De proefbieren vertegenwoordigen een kans voor sommige brouwerijen om hun kas aan te vullen, mits ze niet al op gespannen voet brouwen. “Brouwen voor cafés die een eigen bier willen hebben, brouwen voor merken die alleen de marketing van een bier of een assortiment willen beheren… dit alles biedt kansen om de kassen van brouwerijen aan te vullen” legt Dautinger uit.
Een politieke verantwoordelijkheid?
De brouwerijcrisis in België is een belangrijke uitdaging voor een emblematische sector van de Belgische economie. De sluitingen van brouwerijen, de daling van de export en de opkomst van alcoholvrije dranken hertekenen het brouwerijlandschap. Maar hebben de Belgische brouwers, dankzij hun vakmanschap en innovatievermogen, de middelen om deze crisis te overwinnen en zich aan te passen aan de nieuwe markttendensen? “Ik ben eerder pessimistisch om eerlijk te zijn“, bekent Cédric Dautinger. “Ik merk dat de bedrijfswereld in het algemeen lijdt en hoor overal geruchten in de brouwerijwereld die niets goeds voorspellen. De nieuwe regering zal helaas niets verbeteren. De verplichting van elektronische facturering (die duur belooft te worden), de komst van de witte kassa in de horeca, de vermindering van bedrijfssteun… al deze maatregelen zijn niet gemaakt om de brouwers te ondersteunen.”
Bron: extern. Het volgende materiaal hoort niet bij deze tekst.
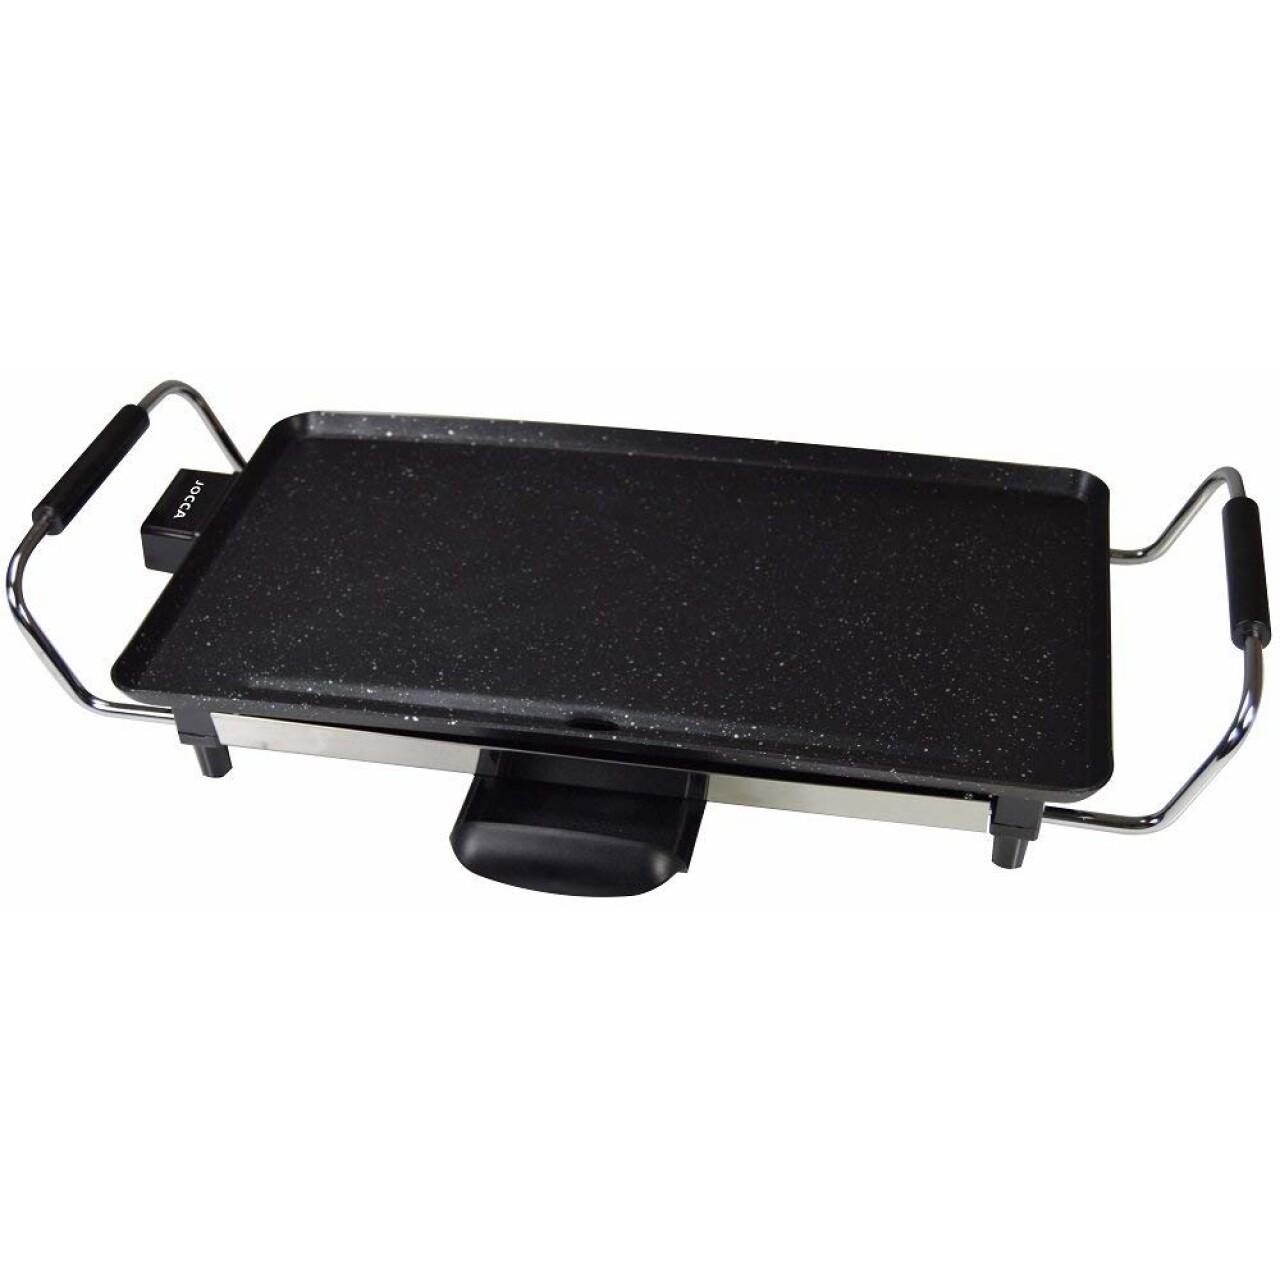 Gratar electric Jocca, 2000W, 43 x 23 cm, negru

Cédric Dautinger hoopt echter dat de sector niet terug zal keren naar de situatie van de jaren 50 tot 70, toen bijna alle ambachtelijke brouwerijen verdwenen waren. “België heeft ambachtelijke en onafhankelijke brouwerijen nodig om haar vakmanschap en erfgoed te behouden“, concludeert de gespecialiseerde journalist. “Maar we moeten realistisch zijn: we zullen een marktconcentratie zien. De kleine brouwerijen die niet sterk in hun schoenen staan, zullen verdwijnen, en alleen degenen die zich aanpassen aan de nieuwe trends en hun kosten beheersen, zullen overleven“. Toch, met een binnenlandse consumptiedaling van 6% en een nog steeds onzekere economische omgeving, blijft de toekomst van de biersector meer dan ooit… onder druk.